Directions for this task> Your response should consist of the entire listing, transcribed exactly, with every image left out.

Source data>
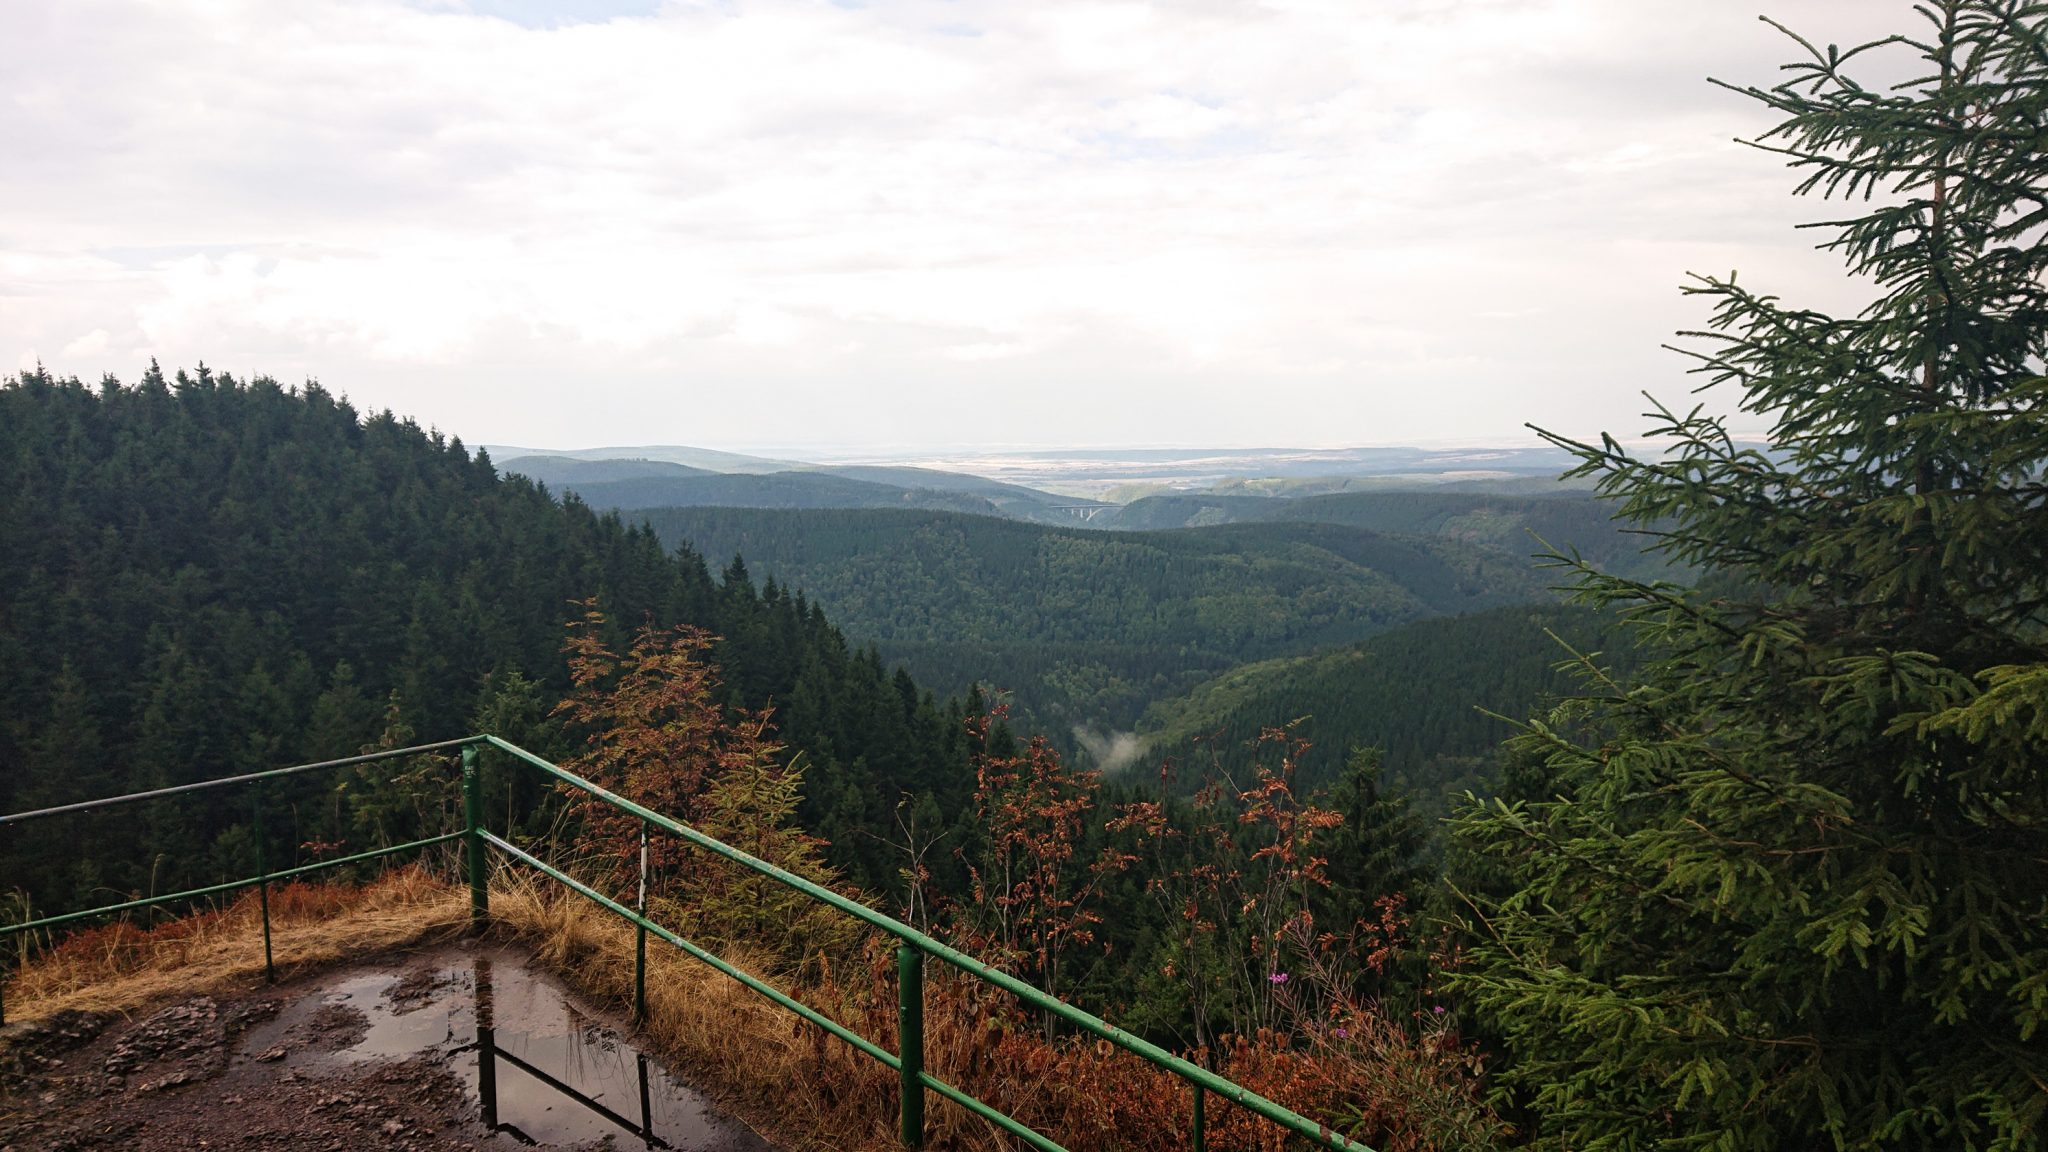 Großer Beerberg Schneekopf und Teufelskanzel, Gipfeltour Wanderung im Thüringer Wald, Aussicht auf Thüringer Wald von Teufelskanzel
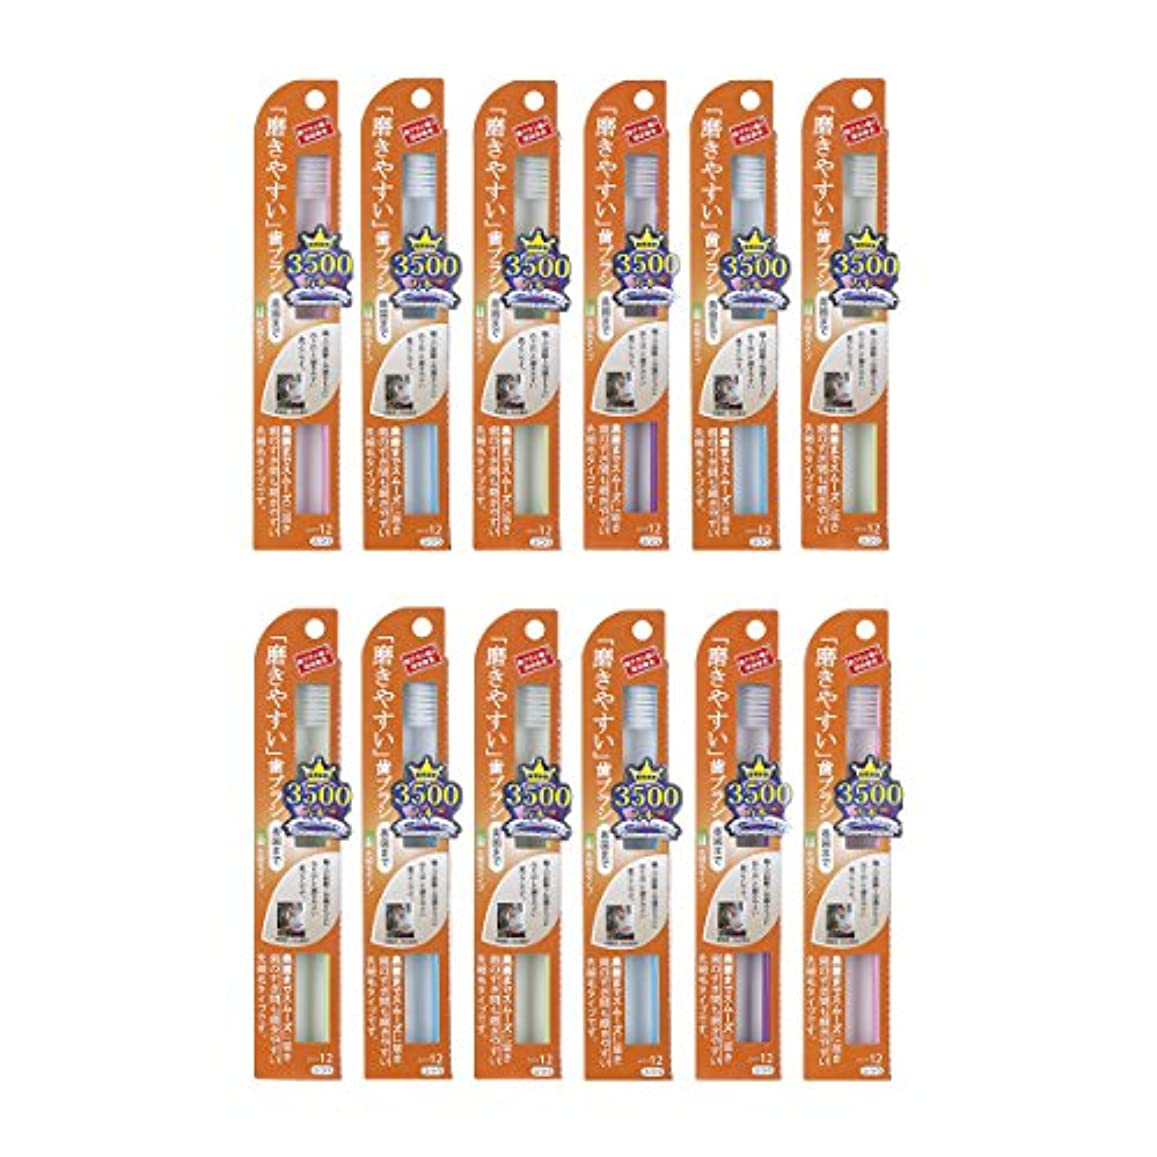 オーラル害足枷歯ブラシ職人Artooth ®田辺重吉 日本製 磨きやすい歯ブラシ(奥歯まで)先細毛タイプ LT-12 (12本パック)
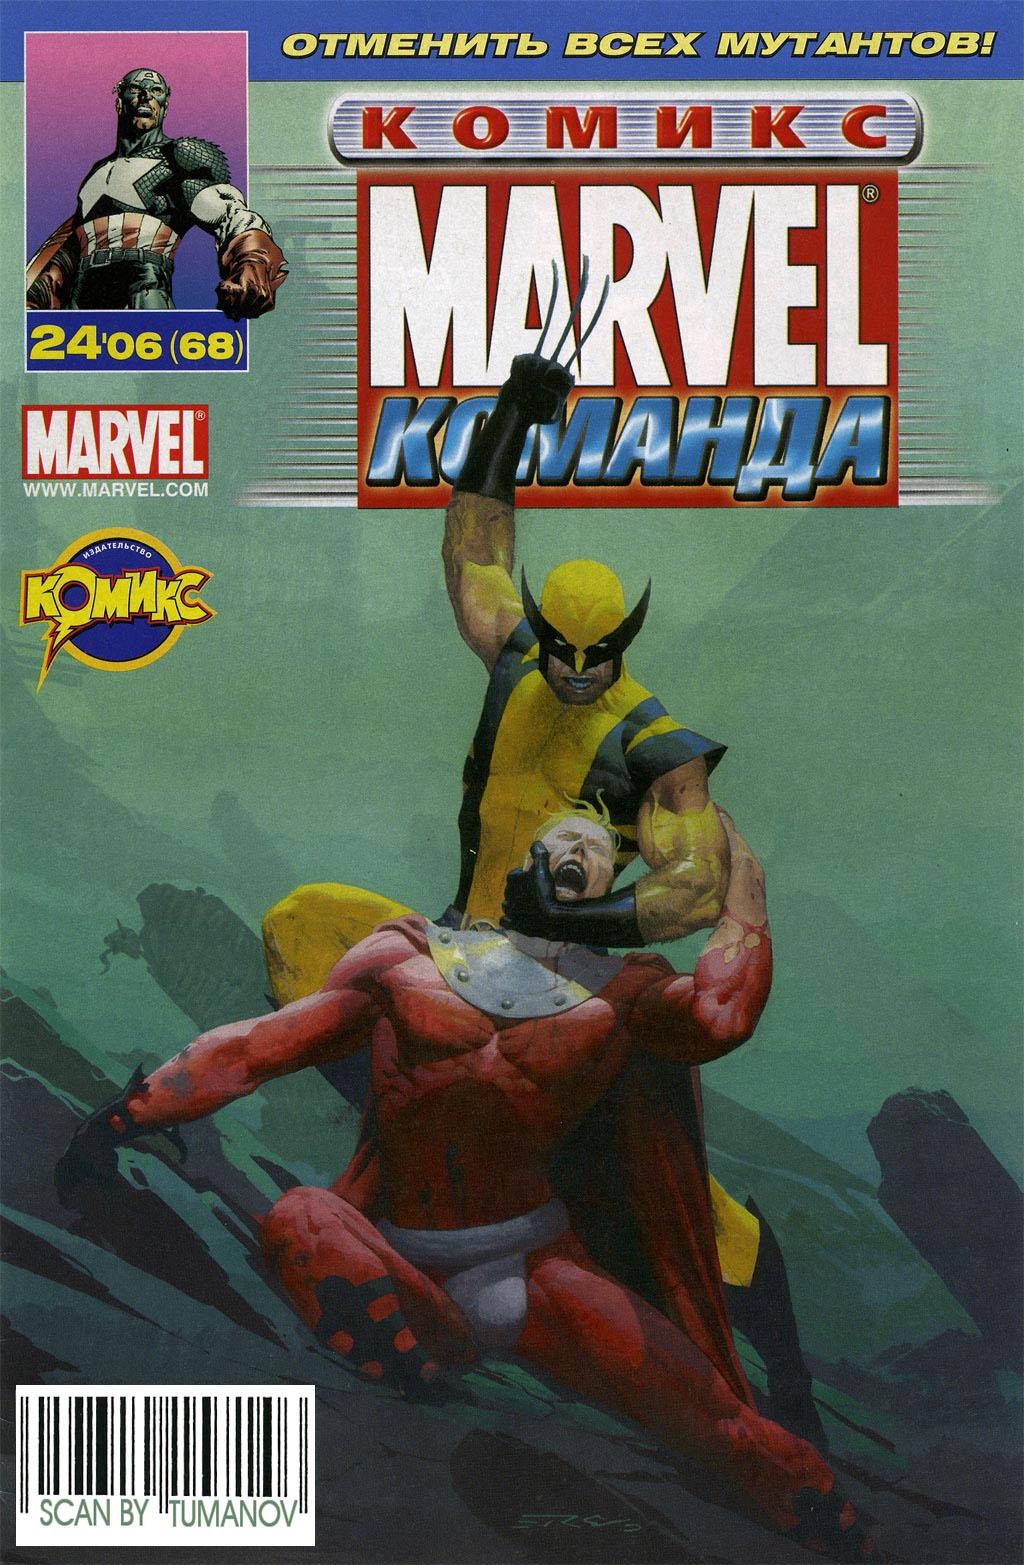 Комиксы Онлайн - Марвел Команда ИДК - # 8 - Страница №1 - Marvel Команда ИДК - Marvel Команда # 68

Your response>
 Großer Beerberg Schneekopf und Teufelskanzel, Gipfeltour Wanderung im Thüringer Wald, Aussicht auf Thüringer Wald von Teufelskanzel
 オーラル害足枷歯ブラシ職人Artooth ®田辺重吉 日本製 磨きやすい歯ブラシ(奥歯まで)先細毛タイプ LT-12 (12本パック)
 Комиксы Онлайн - Марвел Команда ИДК - # 8 - Страница №1 - Marvel Команда ИДК - Marvel Команда # 68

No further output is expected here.